PROBLEM TO WORK ON – Go through the listing below, and from the line containing "CV for Biyu Jade He, Ph.D" through its last line, transcribe every line exactly, skipping pictures.

RECORDS FOR THE EXERCISE –
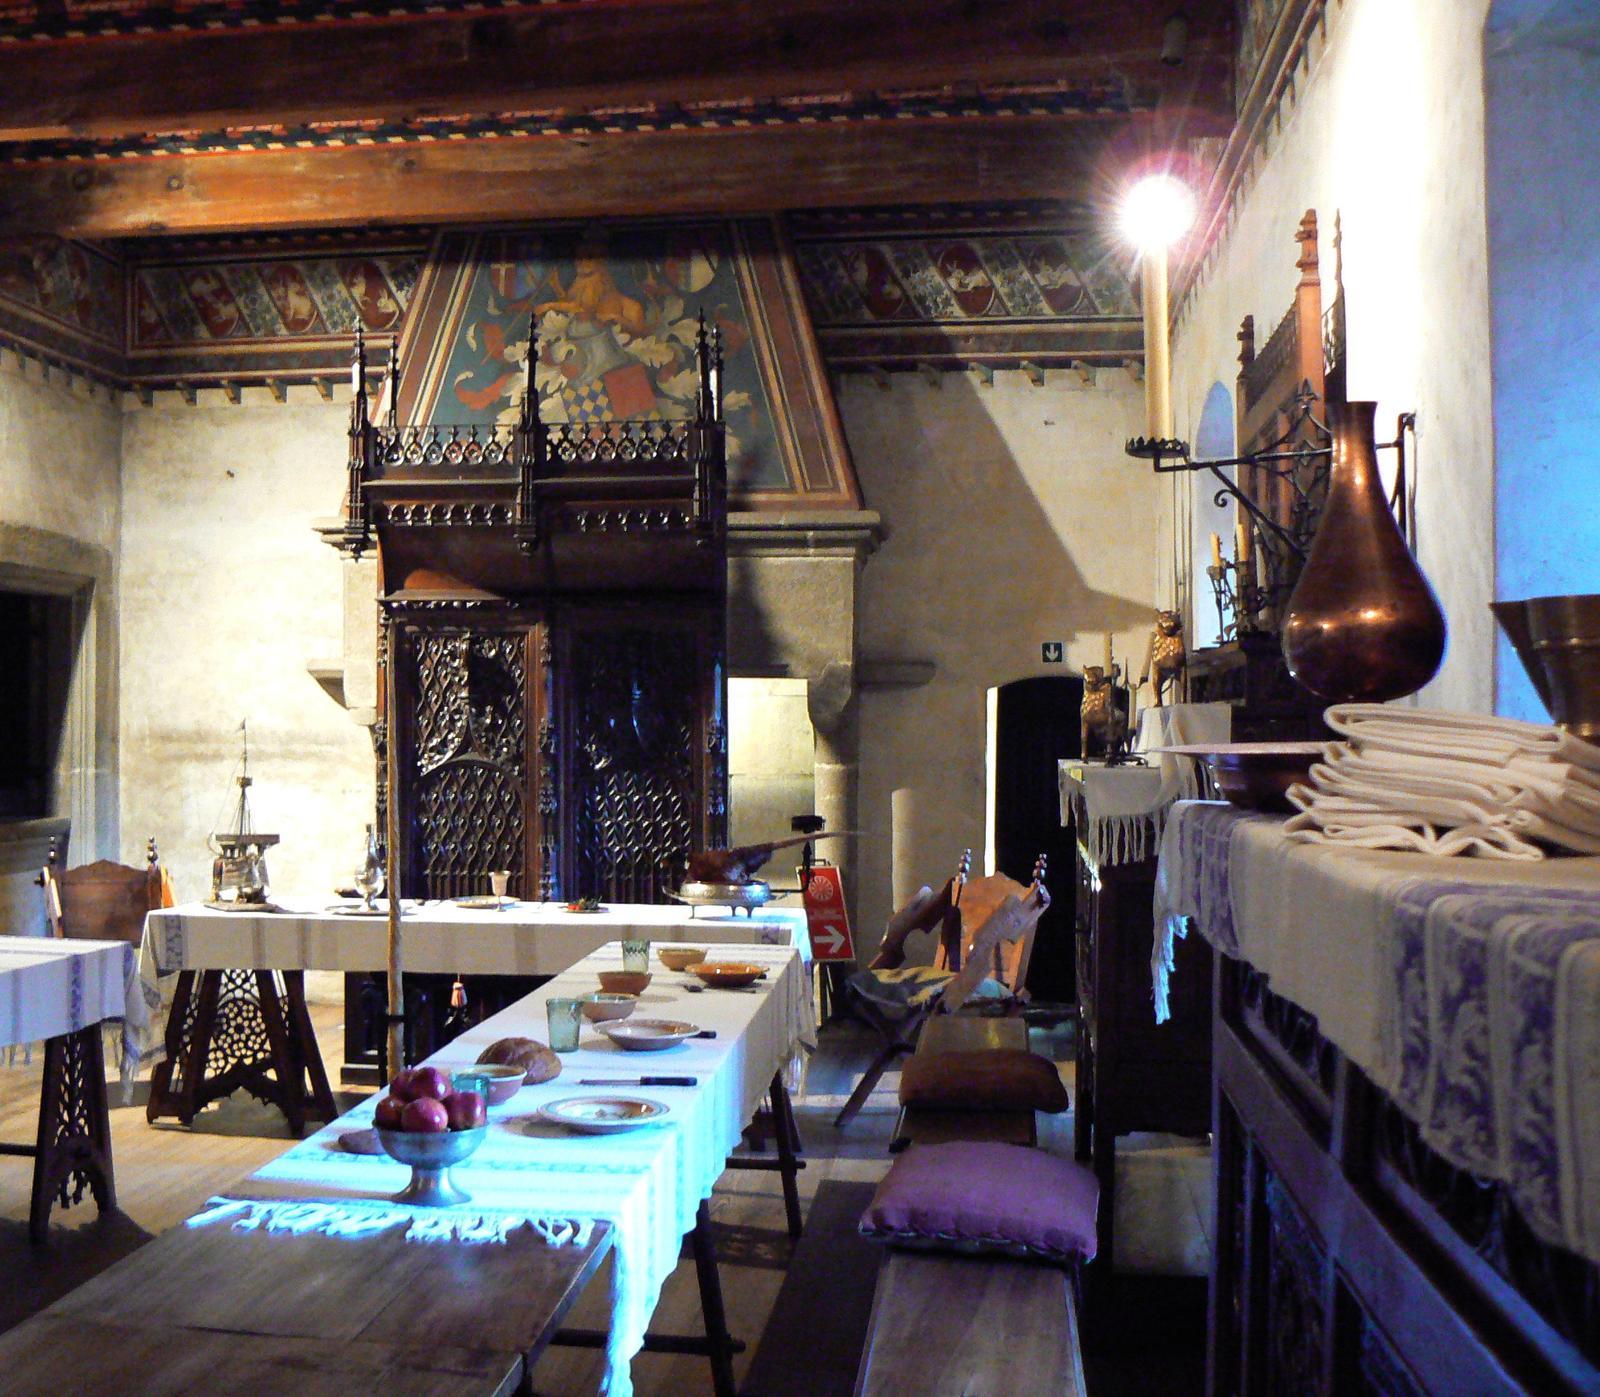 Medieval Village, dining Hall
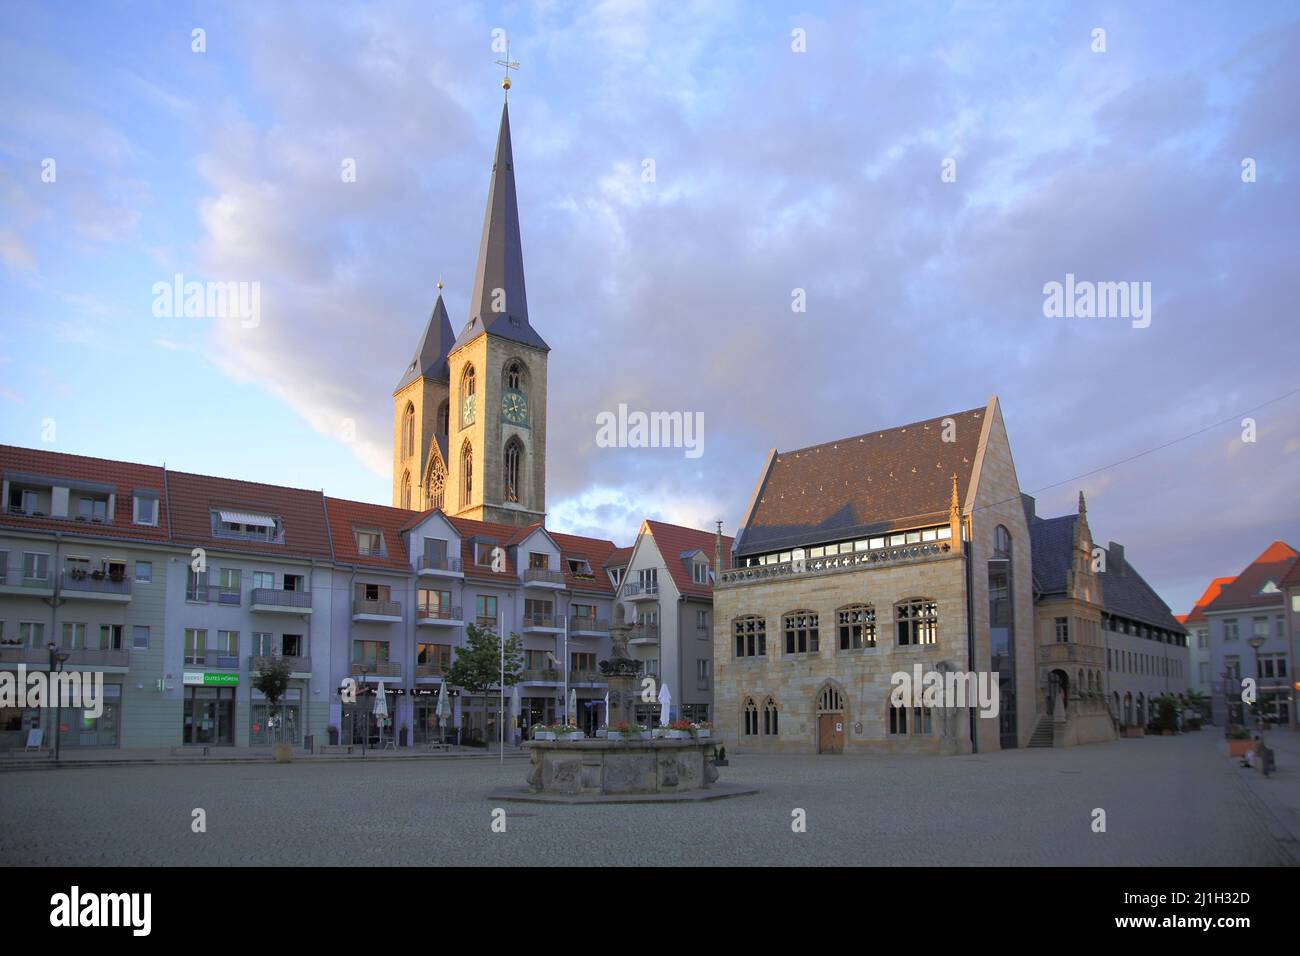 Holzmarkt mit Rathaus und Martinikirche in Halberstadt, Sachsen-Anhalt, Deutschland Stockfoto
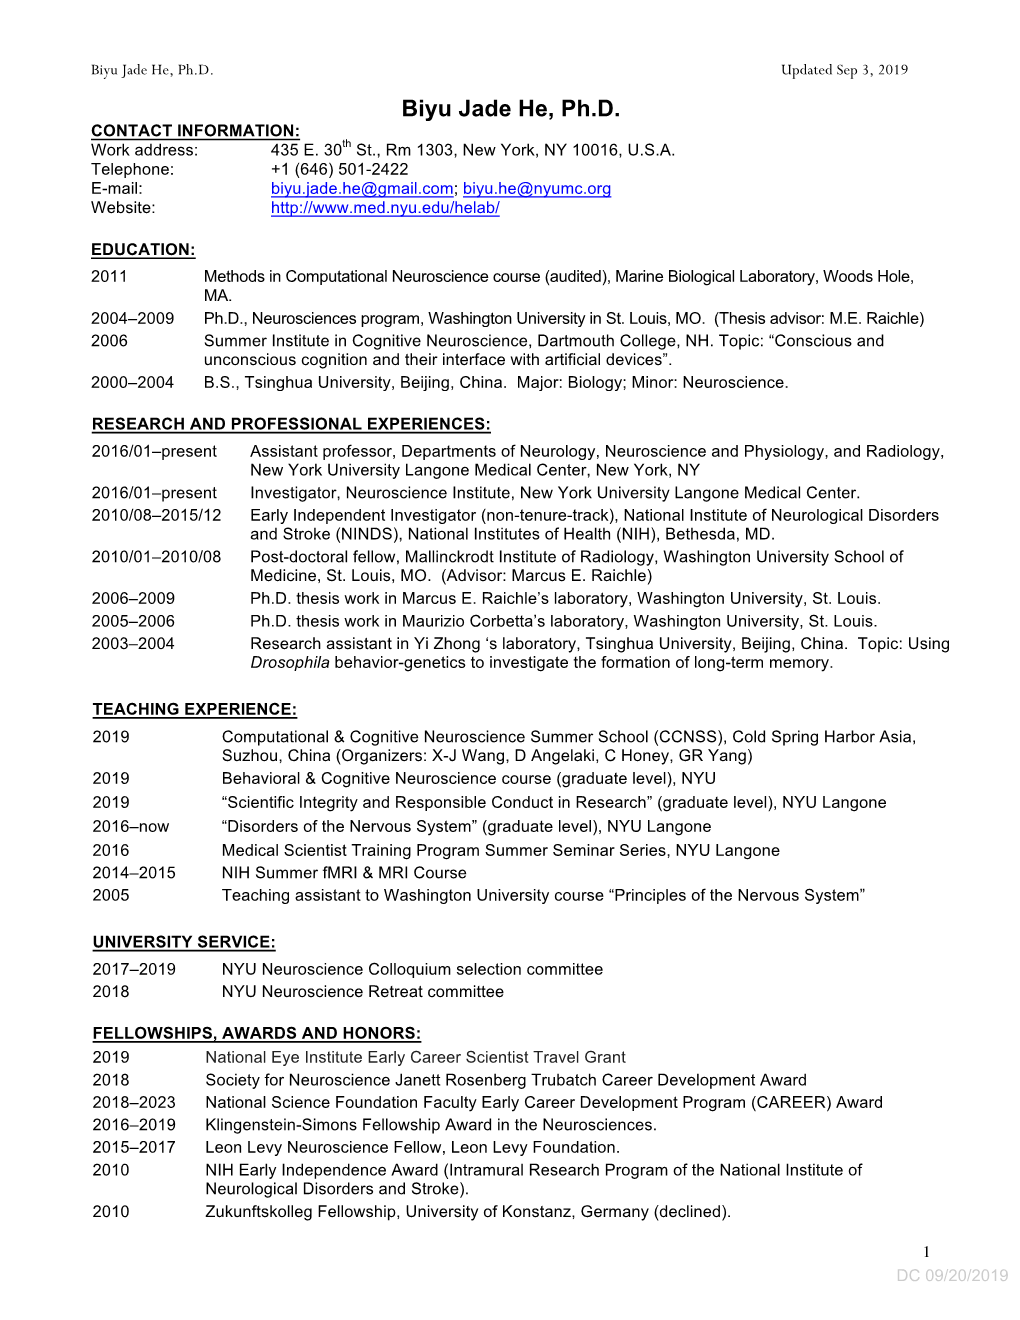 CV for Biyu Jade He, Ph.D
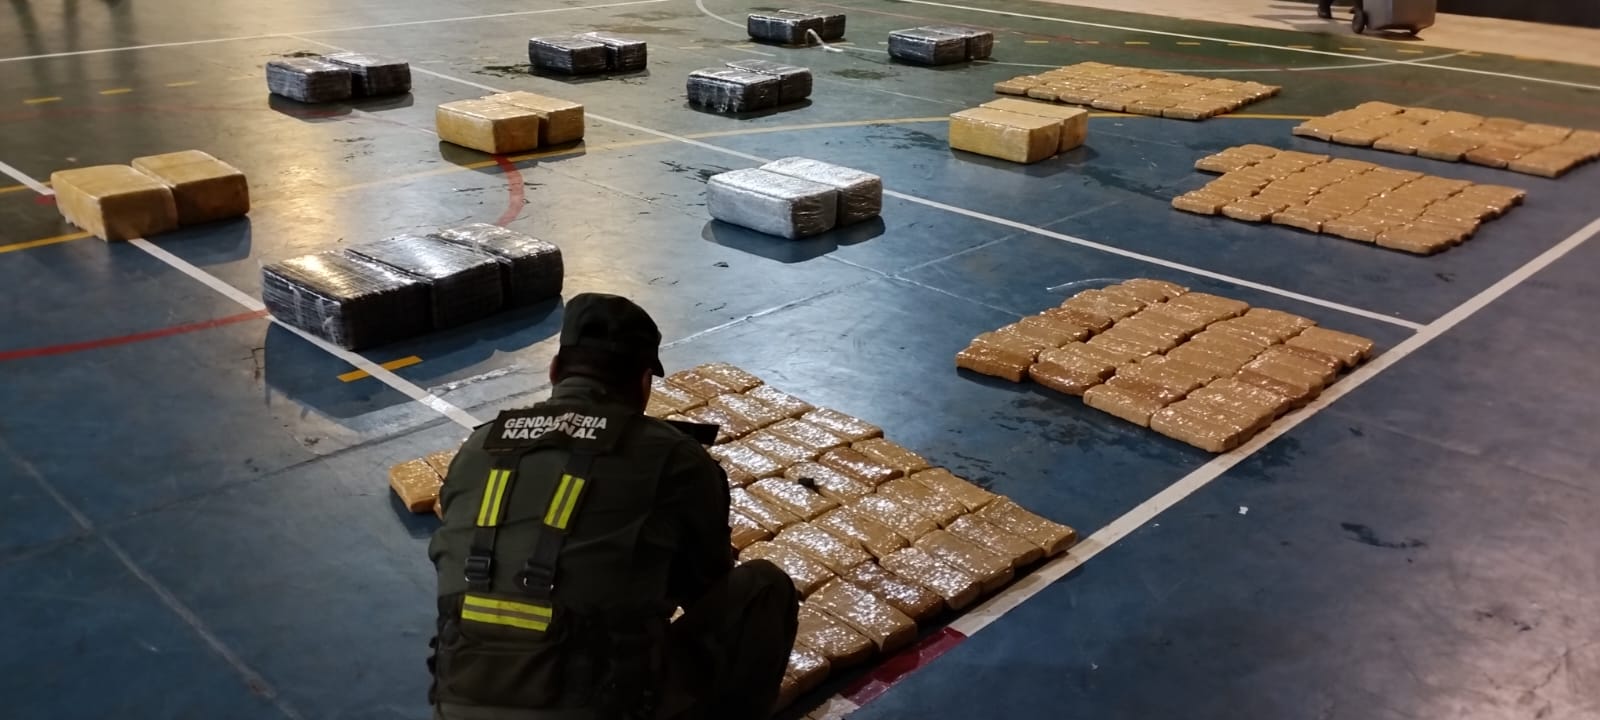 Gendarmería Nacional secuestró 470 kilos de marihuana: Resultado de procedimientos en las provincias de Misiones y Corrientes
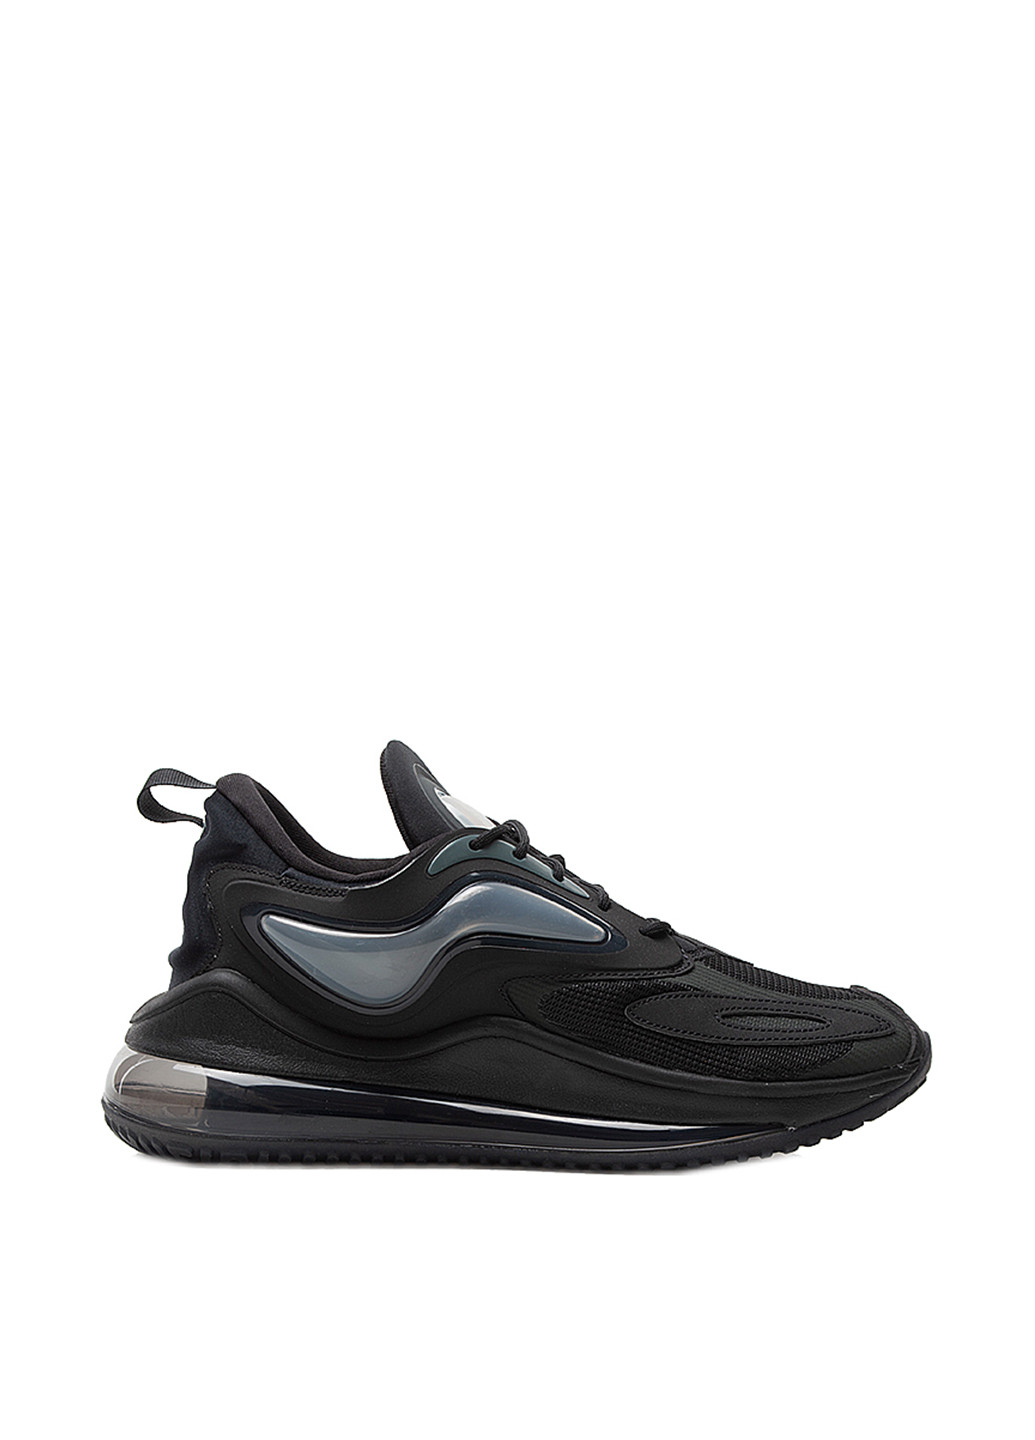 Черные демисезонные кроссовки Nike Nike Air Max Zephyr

TASK SOLUTION –
 CV for Biyu Jade He, Ph.D
 Gendarmería Nacional secuestró 470 kilos de marihuana: Resultado de procedimientos en las provincias de Misiones y Corrientes
 Черные демисезонные кроссовки Nike Nike Air Max Zephyr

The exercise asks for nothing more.